Vulnerabilities with BlackBerry’s QNX Real Time Operating System (RTOS) version 6.5 Service Pack 1 and earlier may introduce risks for certain medical devices and manufacturing equipment. Whilst the FDA is not aware of any confirmed adverse events related to these vulnerabilities, they have provided information for manufacturers on steps to take to mitigate potential cybersecurity issues. Find out more here.
This month the FDA has published information about two newly authorised SARS-CoV-2 molecular diagnostic tests. See the full list of approved COVID-19 diagnostic tests here.
Health Canada has published a notice on the regulatory classification of UV light-emitting decontamination products that make COVID-19 claims, such as those used to disinfect rooms, environmental surfaces and household items. Information on the applicable pathways for market authorisation is also provided. Find out more about the regulatory requirements here.
The National Cancer Institute (NCI) is collaborating with the FDA’s Centre for Devices and Radiological Health (CDRH) to support small businesses in their development of innovative medical device development tools (MDDTs). On Tuesday, 24 August from 2pm – 3pm, ET, NCI and CDRH are holding a joint informational webinar to discuss two funding opportunities regarding:
Details regarding these funding opportunities, MDDT program requirements, and small business eligibility criteria will be covered during the webinar. Find out more here.
With the EU and Switzerland being unable to finalise an updated MRA to cover all aspects of the MDR, a number of questions remain on how to proceed with the implementation of article 120 of the MDR for those manufacturers who rely on Switzerland to access the EU market.
Swiss MedTech has published a useful document that focusses on the transitional provisions, and seeks to fill the information gap.
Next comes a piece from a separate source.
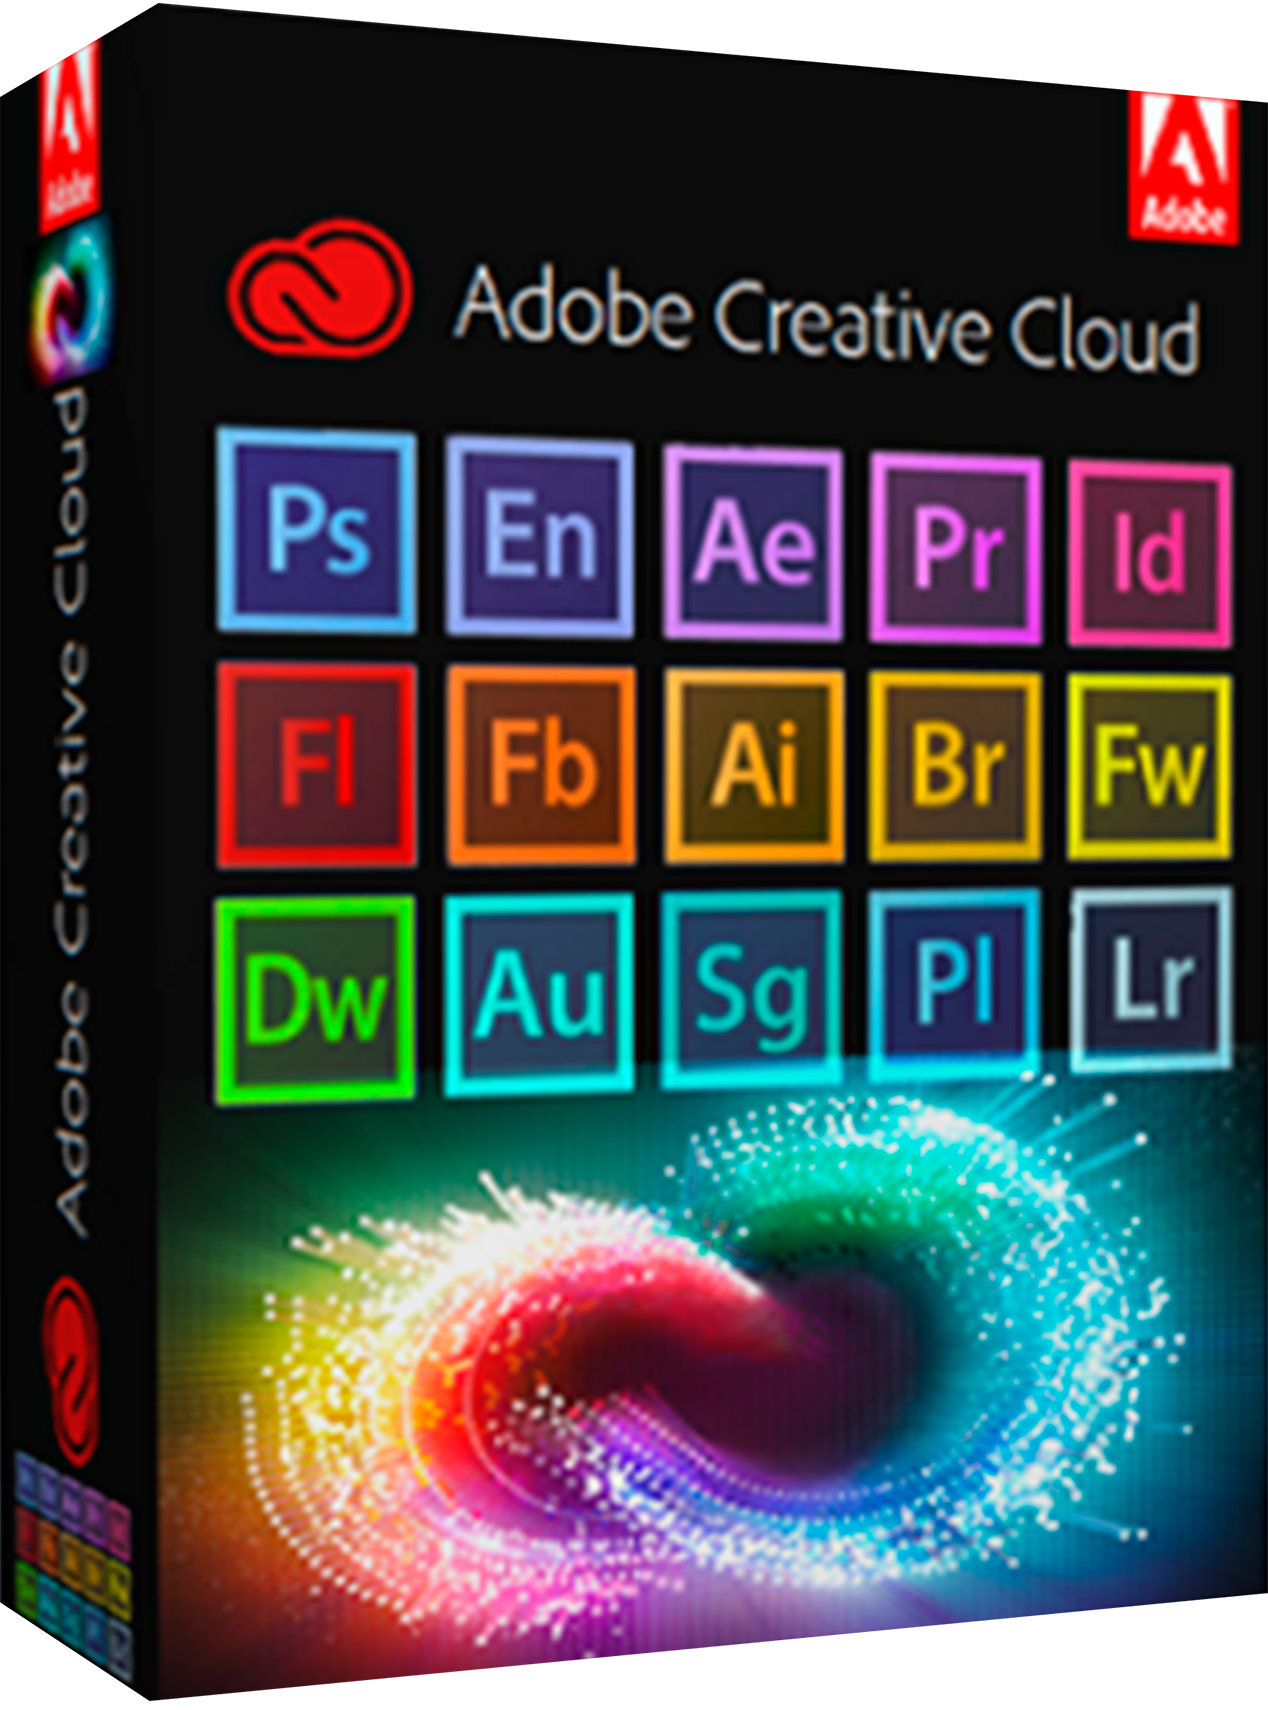 adobe creative cloud desktop download

Find out more here.
MDCG has published a guidance document concerning the performance evaluation of SARS-CoV-2 in vitro diagnostic medical devices (IVDs) in the context of conformity assessment under either
Directive 98/79/EC or Regulation (EU) 2017/746. The guidance covers devices that detect or quantify SARS-CoV-2 nucleic acid, antigens and antibodies against SARS-CoV-2. Read more here.
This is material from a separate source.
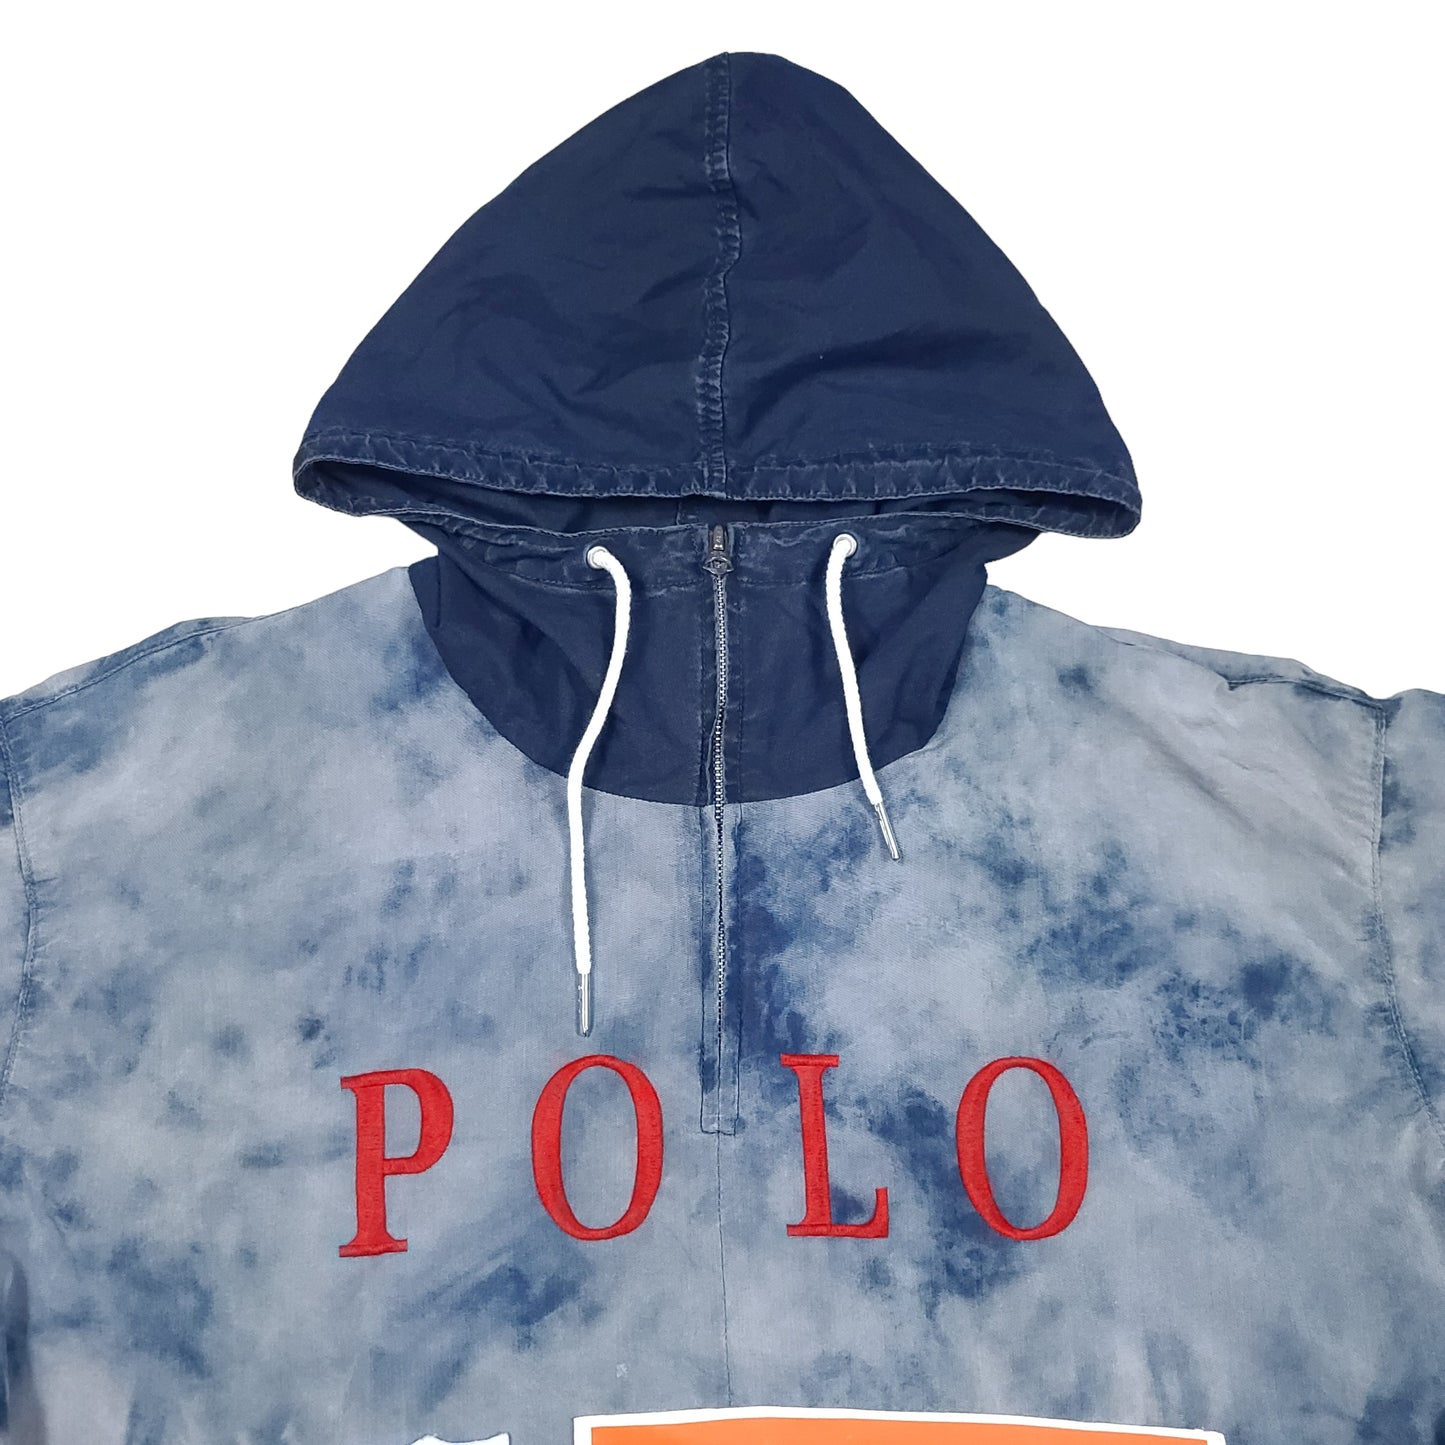 Polo Ralph Lauren Stadium 1992 Limited Edition Indigo Pullover Jacket

MDCG has issued instructions for generating a Union-wide unique single identification number for clinical investigations under Regulation (EU) 2017 / 745 (MDR). The required steps involve searching for / generating a clinical investigation ID, entering the mandatory details of the related clinical investigation, and confirming the clinical investigation. For the full instructions, click here.
Japan’s PMDA has communicated their increased effort regarding communication with patients. Their recent announcement introduces three key actions that aim to improve patient satisfaction including; website enhancement, relief services for adverse drug reactions, and a patient centricity working group. Read more here.
China’s NMPA has issued a “Notice Regarding Drug-Device Combination Products Registration” to address concerns around the requirement for drug approval certificates for combination products from both the product’s original country, and China. Find out more here.
South Korea’s Ministry of Food and Drug Safety (MFDS) has announced their plans to implement several amendments to the country’s Medical Devices Act in 2022, whilst also expanding its list of devices eligible for electronic instructions for use (eIFUs). Read more about the Medical Devices Act amendments here and see the list of devices eligible for eIFUs here.
That concludes our August MedTech news. Check back in September for more updates.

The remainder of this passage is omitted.